On the subject of cigarettes smuggling, a trend of ‘cheap-whites’ (also known as ‘illicit whites’) is emerging in Southeast Europe as well, and organized criminal groups (OCGs) are directing their resources from smuggling counterfeit cigarettes to ‘cheap-whites’.

According to SELEC’s latest reports, many OCGs have shifted to this profitable activity, exploiting their older networks, routes and trafficking methods, in response to market opportunities. The routes that perpetrators use for smuggling illicit goods in Southeast Europe are dynamic, and many of the countries in our region represent a transit area.

STOP: ILLEGAL: What are the biggest challenges in addressing the illegal trade in the Balkans?

Romulus Nicolae Ungureanu: Illicit trade is a multi-layered phenomenon, therefore it is difficult to say that one challenge has more impact than others. However, in line with SELEC’s latest reports, the biggest challenges are related to globalization, misuse of technology, and social tolerance.

Intense free movement of goods not only in Southeast Europe, but globally, makes it almost impossible for law enforcement agencies to check the content of all cargos and containers. Risk analysis or random checks are not sufficient to identifying illicit goods. Our reports show that intelligence still represents the main method of detecting illicit goods in the Balkan region.

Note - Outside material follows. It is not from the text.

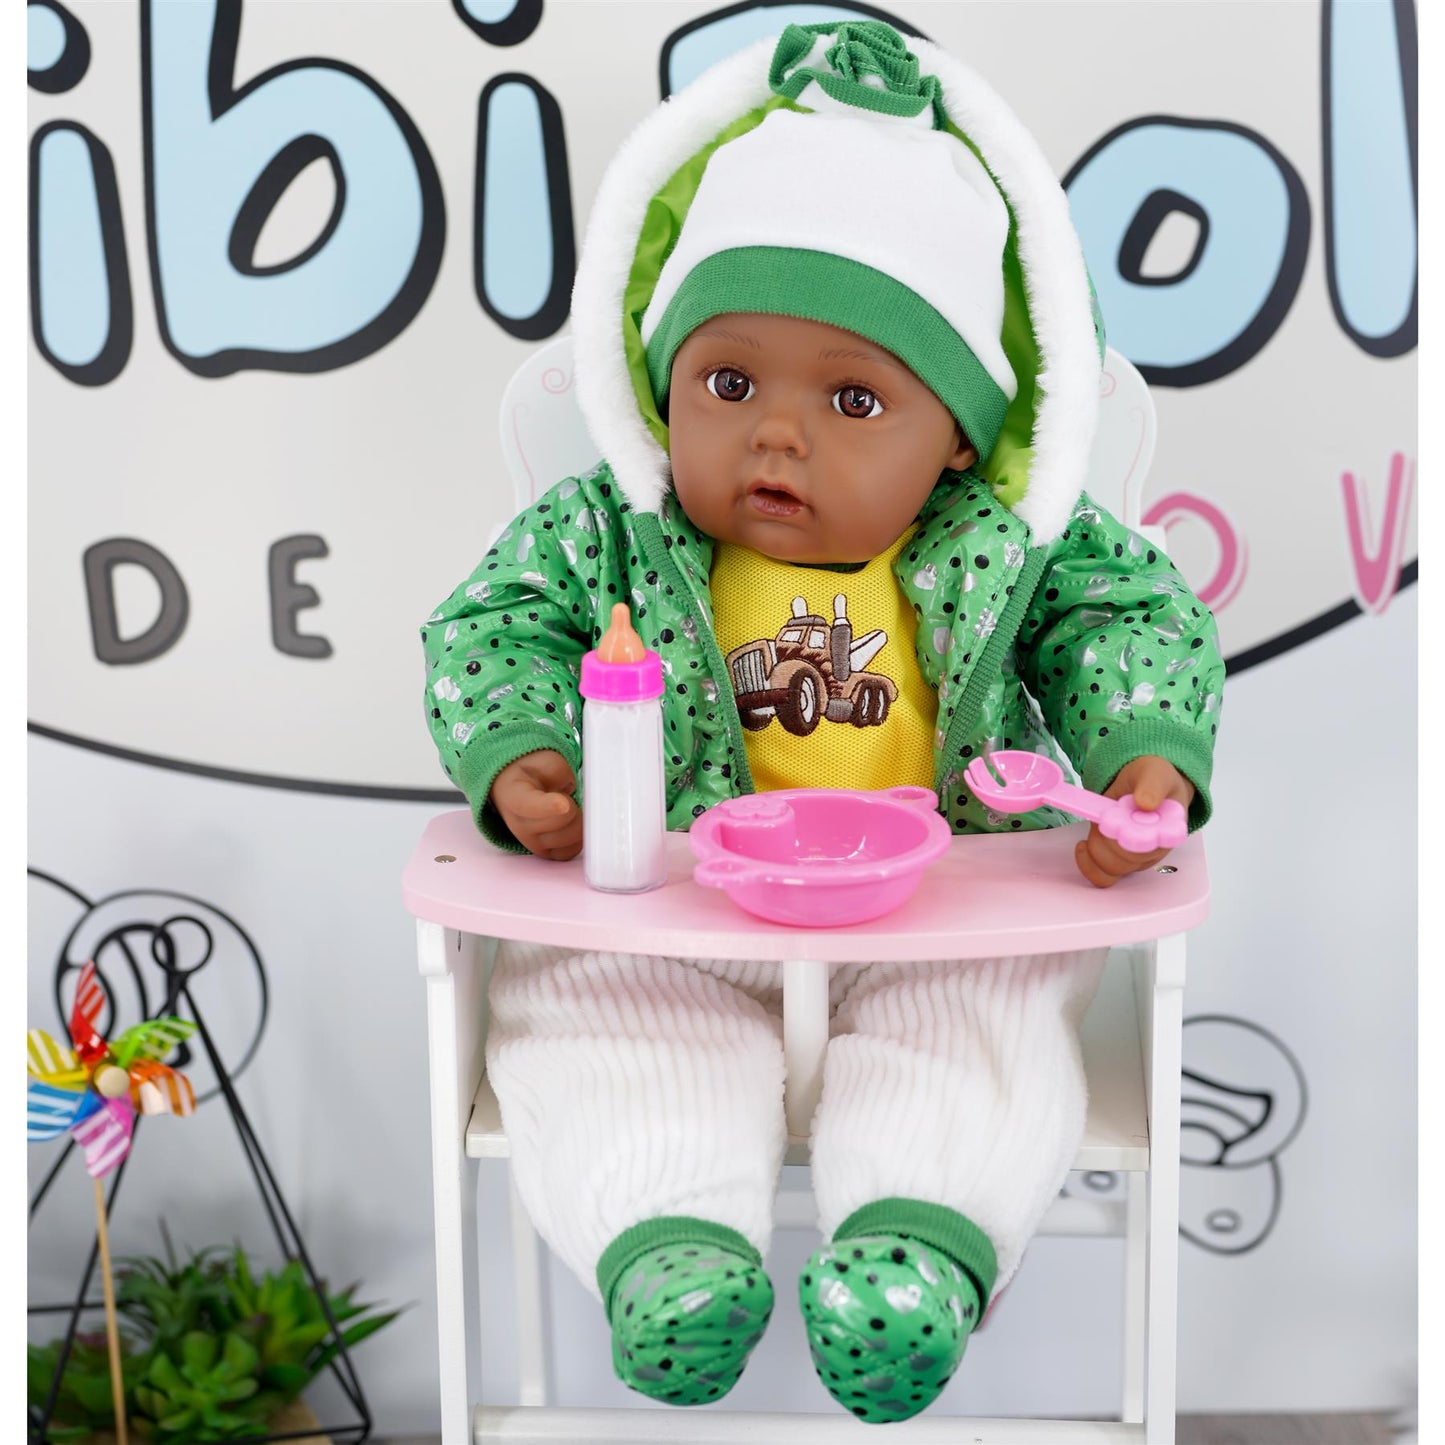 BiBi Black Baby Doll "Grean Pea" (50 cm / 20") by BiBi Doll - UKBuyZone

Due to funding restrictions, there is not enough state-of-the-art technology implemented at national level law enforcement agencies. There is an urgent need for increased operational capacity in the field, and relevant training provided.

Trust among Member States represent a key factor for combating illicit trade in our region. Organized Criminal Groups often use free trade zones as transit hubs to transport the goods in the region.

Asset recovery legislation is important. There should be a common and well established practice in the field of asset tracing, identification, confiscation, management and sharing of confiscated assets.

Online trade has increased over the last years. The Internet has become an important tool for criminals all over the world, representing an important facilitator in illicit goods smuggling by enabling innovative ways to buy products and equipment deemed necessary in the process.

The anonymity provided by the dark web, as well as location hiding techniques, poses great difficulties for law enforcement in identifying the offenders.

One other challenge is represented by the overall social tolerance; people are not considering illegal trade as a serious crime and keep on buying illegal goods, refusing to cooperate with the relevant law enforcement agencies.

STOP: ILLEGAL: What are the key priorities that law enforcement agencies should consider to fight illegal flows efficiently?

Romulus Nicolae Ungureanu: The first priority should be the improve information flow at all levels. A coordinated focus on international platforms, such as SELEC, and a shift from “national cases” to “international joint investigations” is also important.              
Another key priority is the partnership among the law enforcement community and stakeholders, which brings a real added value to the overall fight against illicit trade.

On the field, the fight against illegal flows is done by front-line law enforcement agents, consequently resources should be invested in training and knowledge-sharing sessions on the latest technology. 

The permanent priority of SELEC is to support its Member States in countering illicit trade through tailored regional actions, as joint investigation and regional operations.

STOP: ILLEGAL: What is the role of the private sector in this fight?

Romulus Nicolae Ungureanu: The negative consequences of the counterfeit goods range from threats to public health to loss of the government revenues as well as to damage done to legitimate business. Consequently, the fight against illicit trade requires participation of different stakeholders, including the private sector.

The private sector can contribute with information on how the legitimate market works and with technical support, dedicated trainings programs, awareness campaigns and project-based activities.

SELEC has already developed partnerships with various actors in the private sector, the most recent and being the project FAIT under PMI IMPACT, which covers the all the key priorities.